Dear Earthlife Africa Community
Before the year wraps, here are some of 2022’s highlights:
2022 (Twenty-Tutu) got off to a poignant start, with the loss of one of our heroes, beloved Archbishop Desmond Tutu. And then, in July, the environmental justice movement also lost activist and comrade Judith Taylor. We continue to draw strength from them and all the courageous environmental defenders who are no longer with us. Hambani Kahle!
Earthlife Africa Johannesburg kicked off the year was Nersa’s hearings regarding Eskom’s MYPD5 application, which were a shambles, since many of those who registered in the different provinces, were unable to present. It is clear we still have our work cut out for us because while meaningful public participation is fundamental to our many rights and responsibilities, it still remains a critical shortcoming in the country.
Then, in a bid to ensure that no-one is left behind and to bring communities into the climate change and just transition conversation, Earthlife Africa Johannesburg continued the community-based #JustTransitionDialogues and workshops. “Nothing about us, without us”. And I am happy to report that our work with communities in Gauteng, Limpopo and Eastern Cape, is paying off. People want to know where they fit in to the climate action and they want to be included.
Earthlife Africa has also started developing our very own activist group Grassroots for Climate Action, mostly young activists, who follow the work of and engage the Presidential Climate Change (PCC) Commission. This young group submitted their comments on the Just Transition Framework, with some of them penning powerful articles on the changes that must take place to move the country toward the #JustTransition. On top of all this, these activists also had a regular slot on Kingfisher FM (an Eastern Cape community radio station) to share what they know about addressing the climate crises with local audiences.
Our premier event in August – the annual Women and Climate Justice Seminar (in partnership with GenderCC) – held space for more than 100 indigenous women from Gauteng, Eastern Cape, and Limpopo to robustly discuss their role (from challenges to solutions) in #ClimateAction. Empowering communities to speak and stand up for themselves, especially when it comes to environmental and climate justice, is critical to what we do at Earthlife Africa. This was demonstrated by the impactful keynote speeches by vhoMphatheleni Makaulele – Keeper of the scared sites, and Makoma Lekalakala and Ndivile Mokoena.
On Saturday 10 December 2022 World Human Rights Day, Earthlife Africa Johannesburg together with partner organizations launched the Mulambwane Eco-Mapping Report. The report raises awareness about the importance of conserving and protecting our natural resources and nature, including heritage and sacred sites in response to the proposed Musina-Makhado Special Economic Zone (MMSEZ). The event also highlighted the threats to those who defend the environment, especially remembering those who have lost their lives, in the fight for environmental justice.
Each year, sometime during the annual COP event, climate and environmental justice activists from around the world join in a Global Day of Climate Action to urge decision makers to treat the climate crisis like the global emergency it is. This year’s march drew close to 1500 activists and concerned citizens – affected by the energy and climate crises – to the Constitutional Court to call for the development of strong policies that will fast track the just transition to a low carbon economy.
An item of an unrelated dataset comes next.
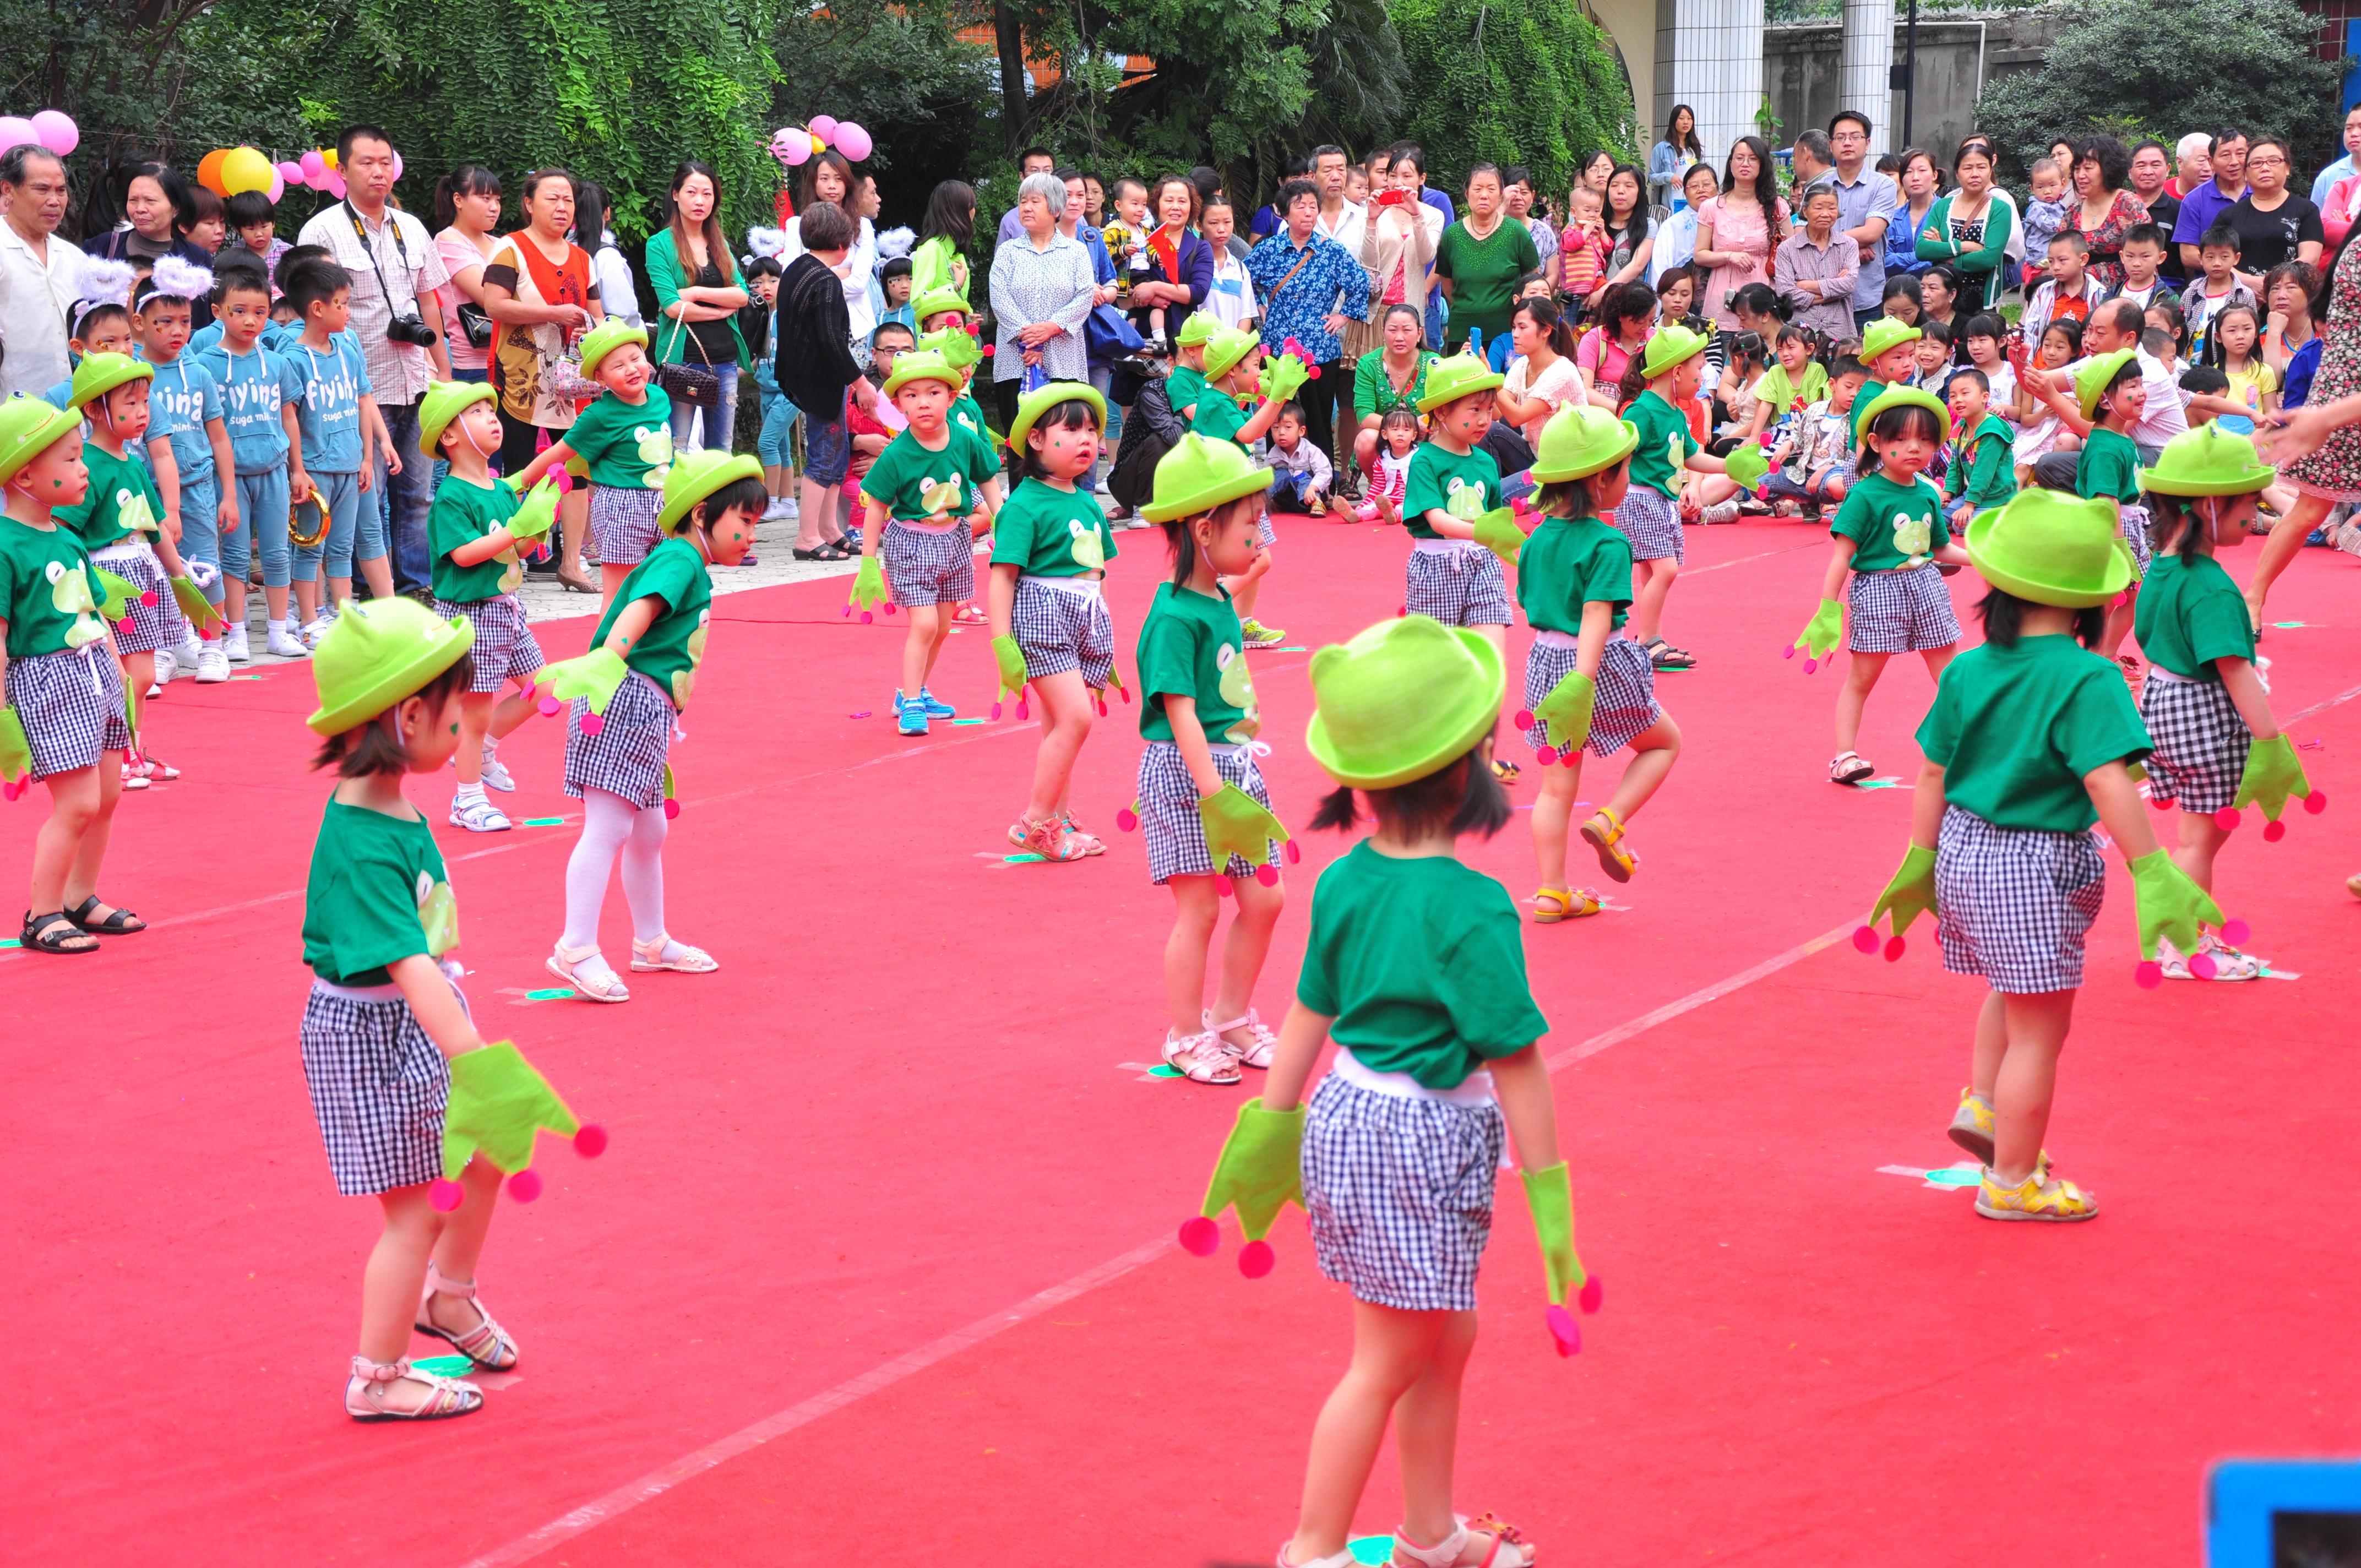 庆祝六一儿童节 - 拍客论坛

Activists are particularly dissatisfied that these very important negotiations, which will affect people from all walks of life around the world, are largely driven by fossil fuel industries, with very little community-based representation.
Finally, this was a great year for Earthlife Africa’s Digital Storytelling Champions. This group of young activists continue to develop their social media storytelling skills, sharing stories from their communities. They particularly excelled when asked to share people’s struggles with the ongoing loadshedding – interviews with community members and their lived experience were well received online. Additionally, the Champs shared some great ideas for the holiday season with a focus on Reduce, Reuse and Recycling of waste.
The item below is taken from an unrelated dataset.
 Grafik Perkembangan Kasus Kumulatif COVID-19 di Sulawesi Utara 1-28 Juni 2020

Even though this has been a particularly tough year, it is clear that we do have much to be thankful for, but we should keep pushing for the just South Africa we want.
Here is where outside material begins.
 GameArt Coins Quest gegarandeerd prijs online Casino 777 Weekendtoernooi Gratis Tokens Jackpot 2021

Looking forward to the year ahead, Earthlife Africa Johannesburg will continue to emphasize the importance of gender and how it should form part of the Nationally Determined Contributions (NDCs). Time is flying toward 2030. We are just seven (7) years away from what has been identified as a critical turning point, according to the climate science, before global temperatures reach disastrous levels, with impacts that cannot be backtracked. Therefore, we will continue with the successful #JustTransitionDialogues to ensure that the voices of those people at the grassroots are heard and recognised.
The fight against the Musina Makhado SEZ development also continues, since we must create awareness and highlight the destruction of the region’s rich biodiversity, at the forthcoming BRICS summit to be hosted by SA.
And while there remains a push for further nuclear development, we will be keeping an eye on the proposed plans to extend the lifespan of Koeberg Nuclear Power Station and will continue to point out the risks and dangers of such plans.
Earthlife Africa also commits to continue supporting coastal communities in their struggles to stop the destruction of our oceans, through gas (and oil, i.e. fossil fuels) exploration.
With that, I would like to thank you for your continued support throughout the year. May you have a good break over the holidays, and come back feeling refreshed and revived, ready to take on the challenges that lie ahead, with gusto.